Shopping is not an unpleasant experience- the assistants and cashiers do all say “Have a nice day” – but they sound as though they mean it and that raises the spirits. My Nat West debit card causes as few raised eyebrows but it does work, and I am asked if I want any cashback – there’s globalisation for you. I can’t get over the amount of recognisable European food – don’t the Americans make any cheese of their own apart from something that resembles Kraft Cheese slices? And where can I find some ordinary semi-skimmed cow’s milk? The fat-free organic is a bit thin, but it does all come from a cow; the Fat Free ultra-pasteurized Half & Half’s second ingredient is corn syrup and claims to be free of most other things such as cholesterol, vitamin C, most calories and even fat - except for a “trivial amount of fat” from the added cream – it sure tastes of cream but drowns out the coffee taste in the morning.

And where can I get a decent cup of coffee? I made the mistake of going into a Starbucks to regroup in a doubtful area I had wandered into when searching out the Bodum shop. The only thing I recognised on the big sign above the counter was “mocha”. I indicated by sign language that I wanted a small (should I have said regular?) cup. The assistant picked up the smallest paper cup and I nodded – he shouted: “one tall mocha”. Don’t ask. I declined the squirty cream on top, but the second assistant remembered too late and had to ladle it out, but then added further half&half. I didn’t pick up the straw and, by the time I had finished it, found the chocolate had gravitated to the bottom. Jennifer tells me I should go for a flat white.

I say ‘doubtful area’ because I went into a discount store and found a pack of six clothes hangers for $1.99, but in order to get out of the shop I had to have the receipt that had been pinned to the plastic bag signed by a black guy the size of “the Refrigerator” on the door.

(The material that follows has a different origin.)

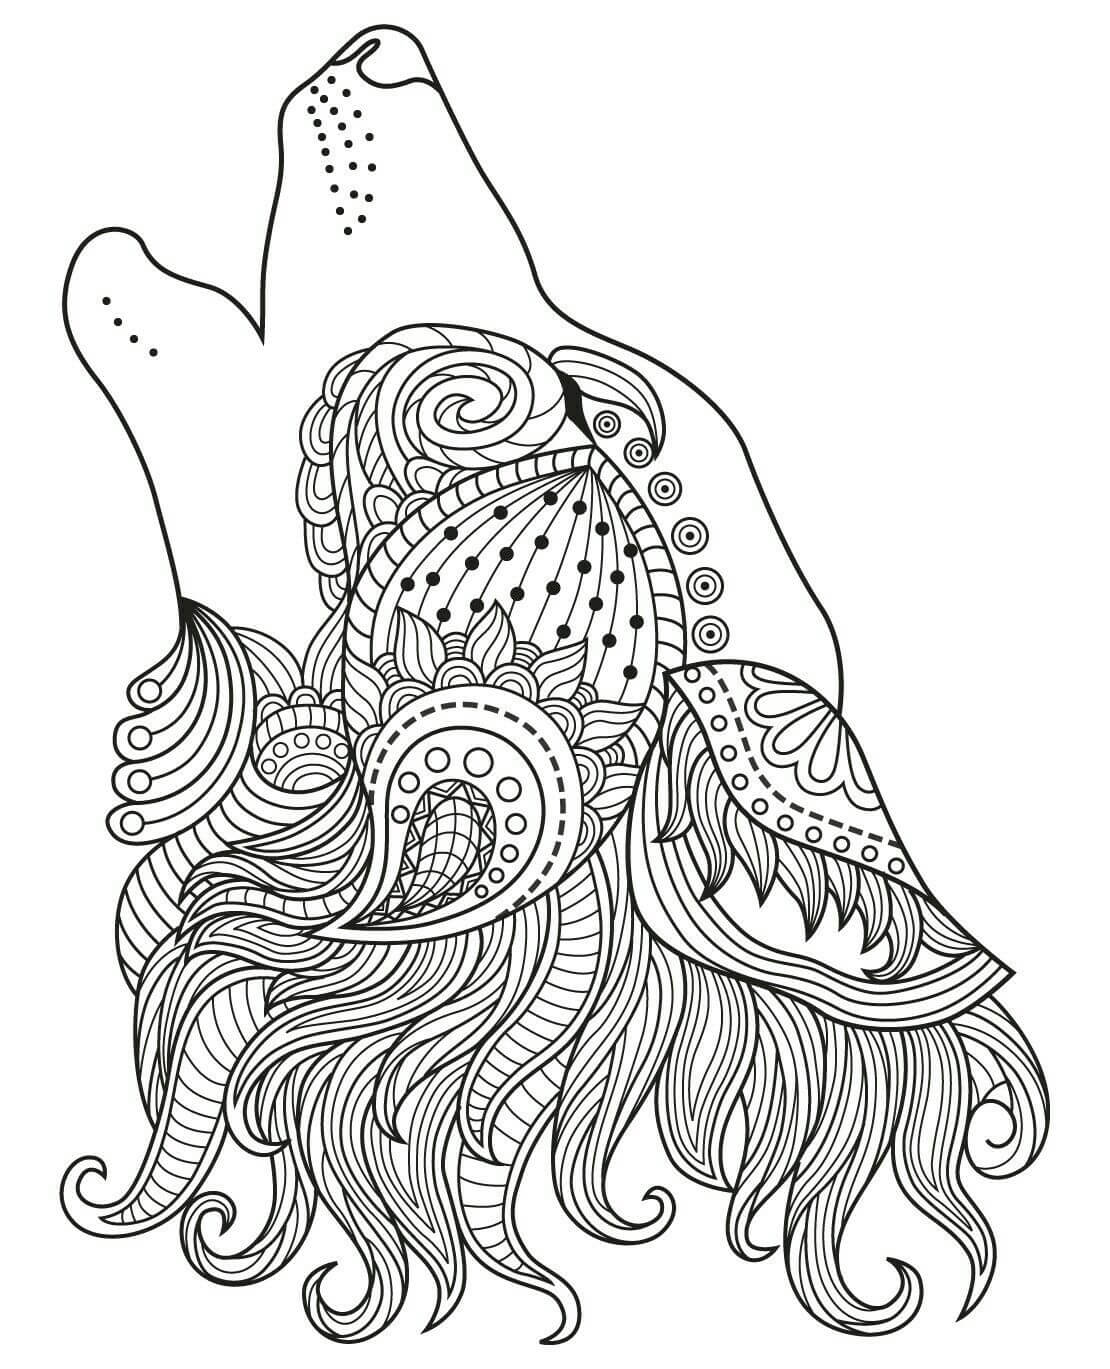 Howling Wolf Coloring Pages for Adults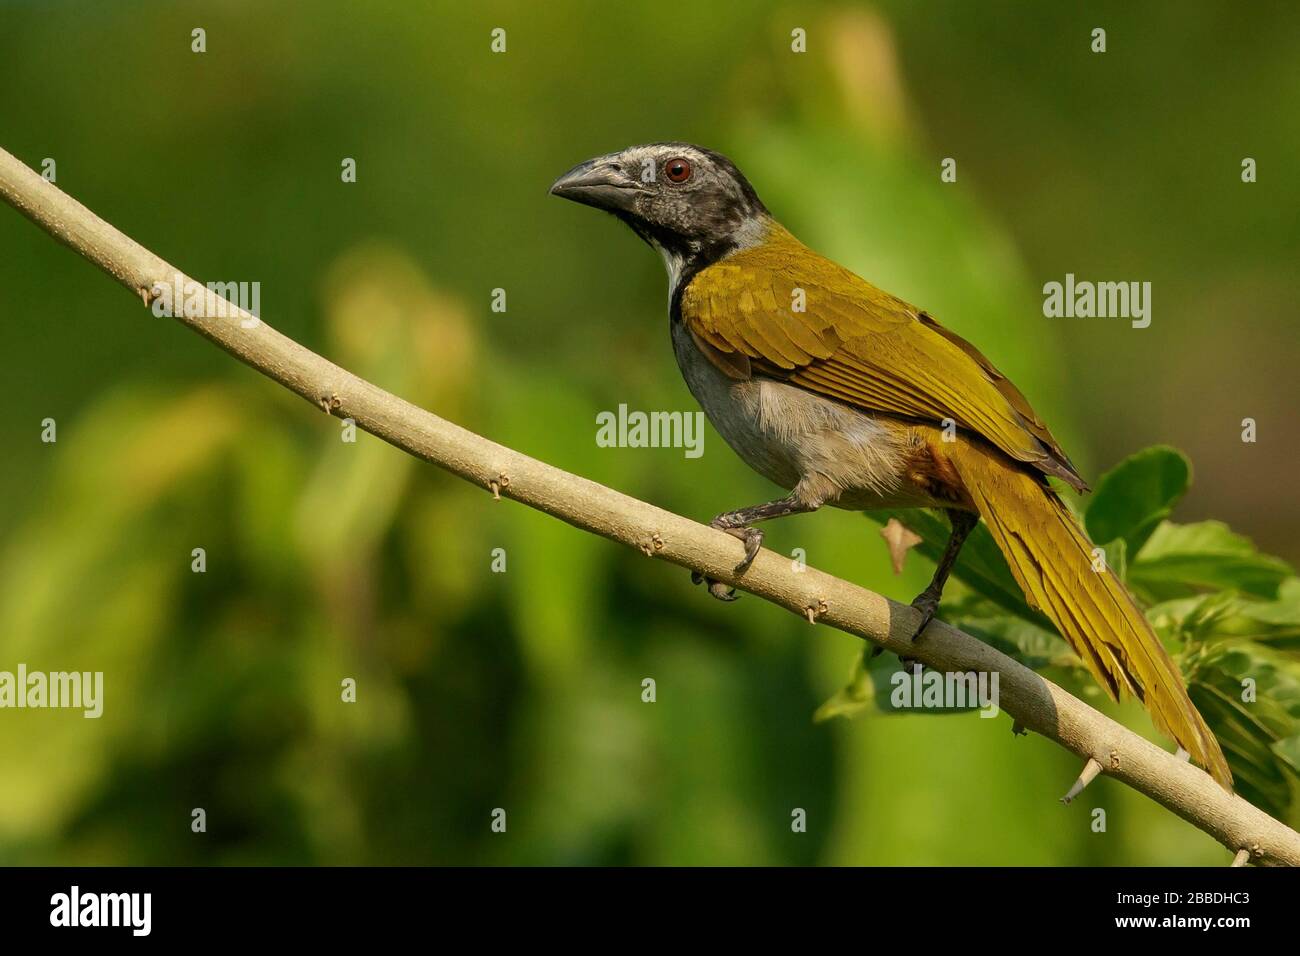 Black-headed Saltator (Saltator atriceps) perched on a branch in Guatemala in Central America. Stock Photo

Bodum by the way because, despite the flat being well equipped with an all stainless steel set of ice-cream scoop, pizza cutter, beer-can opener, corkscrew, potato peeler, tablespoon measures and an over-complicated coffee percolator, it has no simple cafetiere. Indeed, the word ‘cafetiere’ or even ‘caffatier’ (with an increasingly desolate rising intonation) evokes no response. I did find a kitchenware store that had everything including very helpful staff who recognised the name Bodum and my description of a glass container and plunger and told me I needed a “French press”. Le Monde, by the way, is even harder to find than a coffee maker.

To get to Bodum’s I take my first ride on the subway and on my way back I confidently assured a German tourist that, yes, the incoming train was going ‘uptown’. There seems a lack of subway maps both on the platforms and in the carriages. It appears a bit dirty, but only in contrast to the streets that are completely free of litter and dog mess. Just as well since I shall again today be walking around with my head in the air.